Altro settore in cui l’Italia ha fatto poco è quello dei trasporti. Manca, osserva il rapporto, una vera e ambiziosa politica nazionale per il trasporto sostenibile, basato sulle energie rinnovabili, e non c’è coordinamento fra gli organismi che dovrebbero promuoverla. Non c’è una tassa sulle emissioni di CO2 da parte dei veicoli, né un obiettivo riguarante l’uso delle fonti rinnovabili in questo comparto. L’uso del treno non è sufficientemente promosso, e la manutenzione delle infrastrutture ferroviarie è insufficiente. Quanto alla rottamazione, in Italia gli incentivi sono andati indistintamente a tutte le auto nuove, senza una modulazione che premiasse le vetture meno inquinanti, penalizzando i veicoli che emettono più CO2 (come invece ha fatto la Francia con il suo sistema, definito ‘Bonus-malus’). Da notare, comunque, gli esempi di iniziative volontarie per la mobilità sostenibile che sono state prese a livello locale, in particolare a favore dell’auto elettrica.
Alcune note positive riguardano gli incentivi decisi nel 2007 per la cogenerazione (produzione combinata di calore ed energia elettrica dalla stessa fonte), che però sono giudicati insufficienti, e il sostegno (con tariffe differenziate) alle biomasse, se prodotte localmente. In Agricoltura, infine, non c’è una strategia ecosostenibile per il Paese, ma esistono diverse iniziative volontarie e, dal marzo scorso, anche una legge nazionale, per promuovere i mercati e i prodotti locali (il cosiddetto ‘chilometro zero’) e quelli a denominazione d’origine.

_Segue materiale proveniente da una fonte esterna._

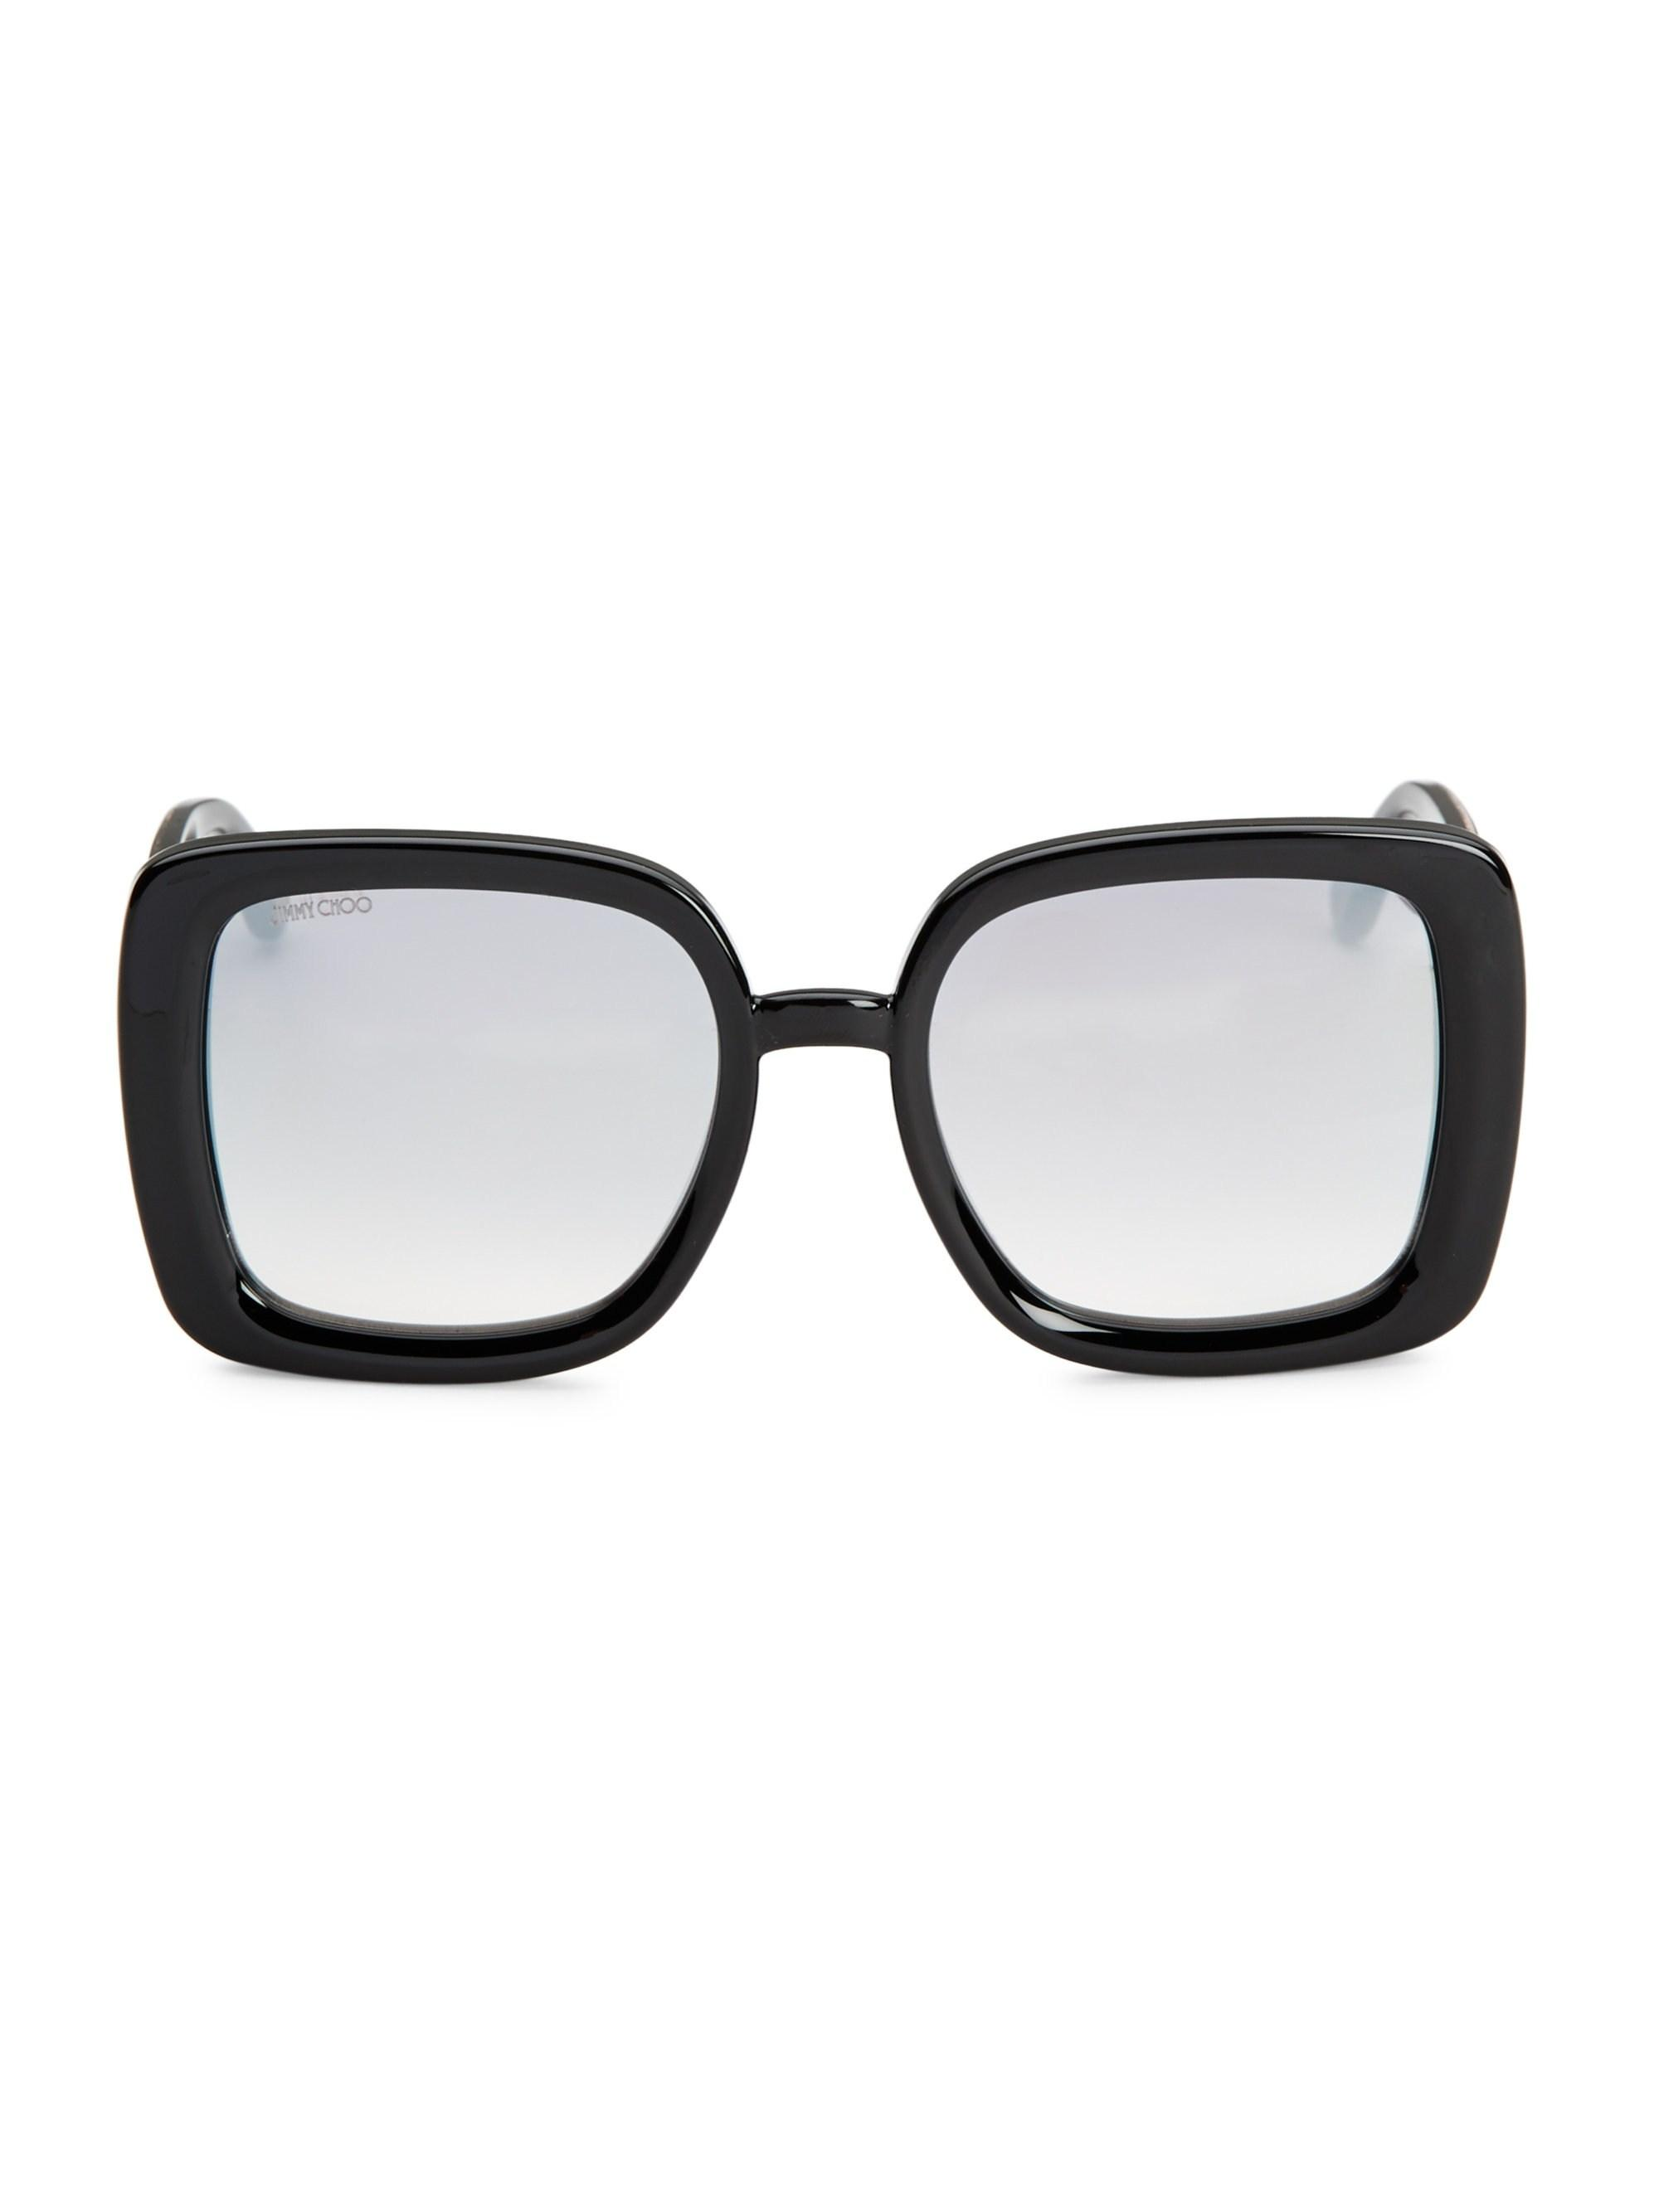 1df61cecfd5 Lyst - Jimmy Choo Women s 54mm Cait Square Sunglasses - Black ...

Un’ultima critica, infine, riguarda il fatto che, secondo il rapporto Wwf-Ecofys, non ci sarebbe abbastanza sostegno per l’assistenza alle imprese, affinché capiscano che l’uso della ‘borsa’ delle quote di emissione (il sistema europeo Ets) può essere per loro un’opportunità e non solo un costo. Secondo il rapporto, gli Stati membri con i risultati migliori finora sono la Germania, la Danimarca, l’Irlanda e la Svezia, mentre la maggior parte dei paesi Ue è ‘fuori strada’ rispetto all’obiettivo del 2050, avendo messo in atto solo 1/3 delle misure che sarebbero necessarie già oggi. E gli stessi quattro Stati membri migliori sono arrivati solo a 2/3 dello sforzo richiesto.